NTP bulan Juli 2017 sebesar 100,65 atau meningkat 0,12 persen dibandingkan Juni 2017. Sdangkan NTUP Juli 2017 adalah 109,75 atau meningkat 0,15 persen dari bulan Juni 2017.
Anggota Masyarakat Agribisnis dan Agroindustri Indonesia (MAI) Sidi Asmono menjelaskan, NTP di atas 100 berarti petani lebih sejahtera karena ada surplus dari rasio indeks harga yang diterima petani (IT) lebih tinggi dari indeks harga yang dibayarkan(IB). Demikian pula sebaliknya. Parameter NTP sebenarnya hanya menggambarkan kemampuan daya beli petani dan tidak menggambarkan kesejahteraan petani.

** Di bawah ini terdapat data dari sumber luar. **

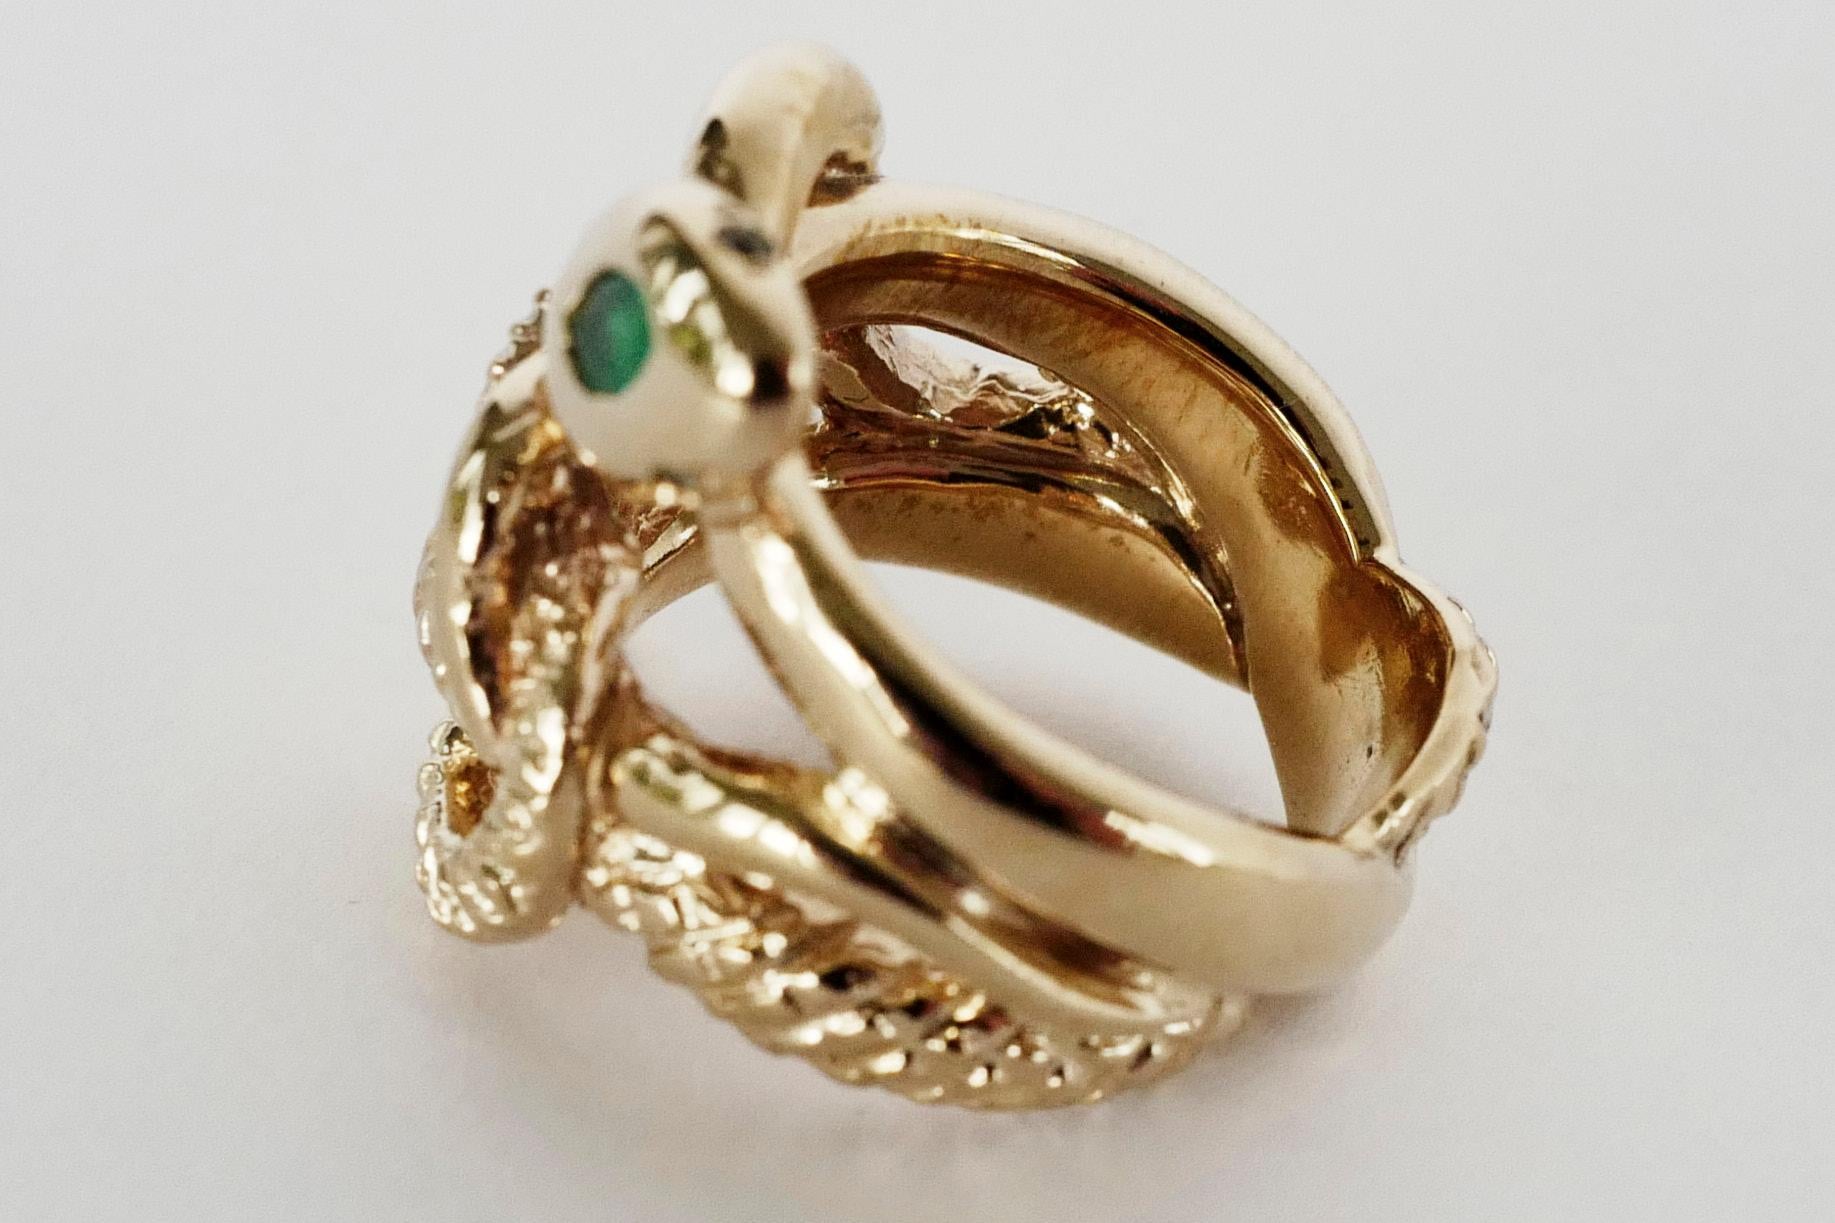 Emerald White Diamond Snake Ring Ruby Eyes Bronze Victorian Style J Dauphin For Sale 2

"Sampai saat ini masih ada anggapan kurang tepat bahwa apabila angka NTP bulan ini lebih tinggi dari bulan sebelumnya, berarti petani bulan ini lebih sejahtera dari sebelumnya. Padahal diketahui pertanian bersifat musiman, sehingga seiring perubahan antar waktu akan terjadi fluktuasi IB dan IT sebagai fenomena bulanan saja, artinya sulit memastikan kesejahteraan petani yang berubah sesuai angka NTP bulanan tersebut," ujarnya di Jakarta, Minggu (6/8/2017).
Sidi menegaskan, mengukur kesejahteraan petani itu tidak bisa disederhanakan dengan mengacu parameter NTP. Sebab, NTP merupakan rasio IB dengan IT.
Karena itu, NTP lebih tepat untuk mengukur kemampuan daya beli petani dari perubahan perilaku indeks harga. "Semakin tinggi nilai NTP, dapat dikatakan daya beli petani semakin baik, namun belum tentu menggambarkan sejahtera. Hal ini karena NTP hanya membandingkan indeks dengan kondisi tahun dasar. Secara periodek lima tahunan, dilakukan penyesuaian tahun dasar NTP sama dengan 100," tegasnya.
Perlu diketahui, perilaku NTP tidak lepas dari faktor penyusunnya yaitu pergerakan nilai dari komponen IT dan IB. Untuk menggambarkan IB dapat dilihat dari laju pertumbuhan tertinggi untuk konsumsi rumah tangga pada Januari-Juni 2017 berasal dari pengeluaran perumahan sebesar 0,7 persen dibandingkan periode sama 2016 dan pengeluaran sandang 0,5 persen, pengeluaran makanan jadi 0,66 persen dan biaya Produksi dan Penambahan Barang Modal (BPPBM).
"Laju kenaikan upah buruh tani merupakan yang tertinggi yaitu mencapai 0,37 persen setiap bulannya," sebut Sidi.